13 - Mesoderm, mechanisms and mutants

Mesoderm

• Middle of the three germ layers 

• Diploblastic - no mesoderm

• Eg. jellyfish, coral, sea anemones 

Caudal dysgenesis (sirenomelia) 

• Insufficient mesoderm formed 

• Defects in lower limbs, urogenital system, vertebrae

Brachyury mutant mice 

• Brachyury required for mesoderm differentiation 

• Homozygotes lack a trunk and tail and die around embryonic day 10

• Heterozygotes - short tail and abnormal vertebrae 

Embryonic origin of mesoderm 

• Forms during gastrulation 

• Epithelial to mesenchymal transition (EMT)

• Cell adhesion molecules down-regulated

Chick mesoderm formation

Types of mesoderm 

Derivatives of the mesoderm 

Chordamesoderm: the Notochord 

• Early forming midline structure 

• Transient 

• Signalling centre / organiser 

Blue = notochord

Green = somites

Red = intermediate mesoderm 

Structures notochord patterns include:

• Neural tube (ectoderm)

• Somites (mesoderm)

Expressed signalling molecule = Sonic hedgehog (Shh)

Zebrafish notail (ntl) mutants lack a notochord: 

• Abnormal neural tube 

• Abnormal somites / muscle 

Somites 

• Form from paraxial mesoderm 

• Form in pairs 

• Characteristic number for each species 

• Form anterior to posterior 

• Bud off from anterior end of presomitic mesoderm 

Specification of the somite forming region (paraxial mesoderm)

Somite formation (chick) 

Regulation of somite formation 

• Clock and wave front model 

• Expressed at the posterior of the post-somitic mesoderm and moves forward - the cells do not move - only the expression does

• More than one oscillation going on at once 

1. Fgf8 gradient from the posterior of the presomitic mesoderm (PSM) 

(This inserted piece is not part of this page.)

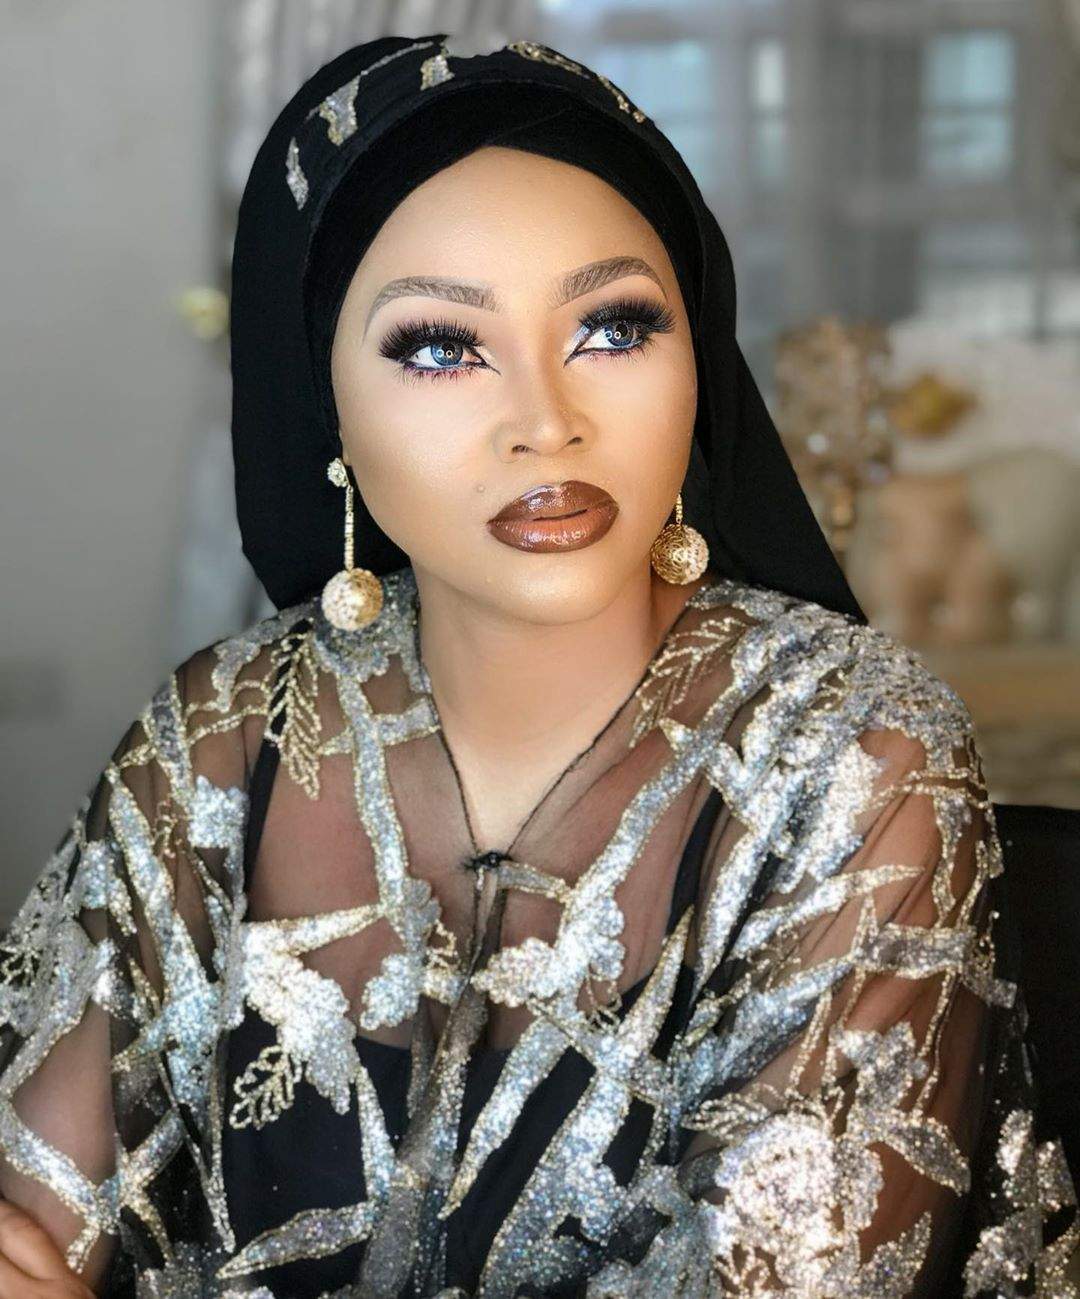 I want to meet Wizkid or Larry Gaaga, or both, their song turns me on - Mercy Aigbe says

2. Somites form at a specific (low) level of Fgf8

3. Antagonised by retinoic acid (RA) from somites 

The clock - controls somite segmentation 

• Expression of Notch pathway targets (eg. hairy) oscillates in the PSM 

• Each oscillation organises pre somitic mesoderm (PSM) cell into pairs of somites 

Chick: 

Clock and wave front model 

• Integrated - the clock only functions to form somites at specific (low) levels of Fgf8

Anterior - posterior specification of somites 

• Somites are specialised along AP axis 

• AP identity specified by Hox code 

Experimental evidence 

• Change in Hox gene expression patterns lead to changes in segment identity 

• Eg. Hox10 KO mouse 

• Lumbar to thoracic identity

Homeotic mutations - Transform one tissue type into another 

• Changes in expression of ‘Master control’ genes that confer identity to individual segments 

Flies exhibiting homeotic transformations

→ Adult fly heads: wild type and antennapedia 

• (Antp - antennae transformed to 2nd thoracic leg)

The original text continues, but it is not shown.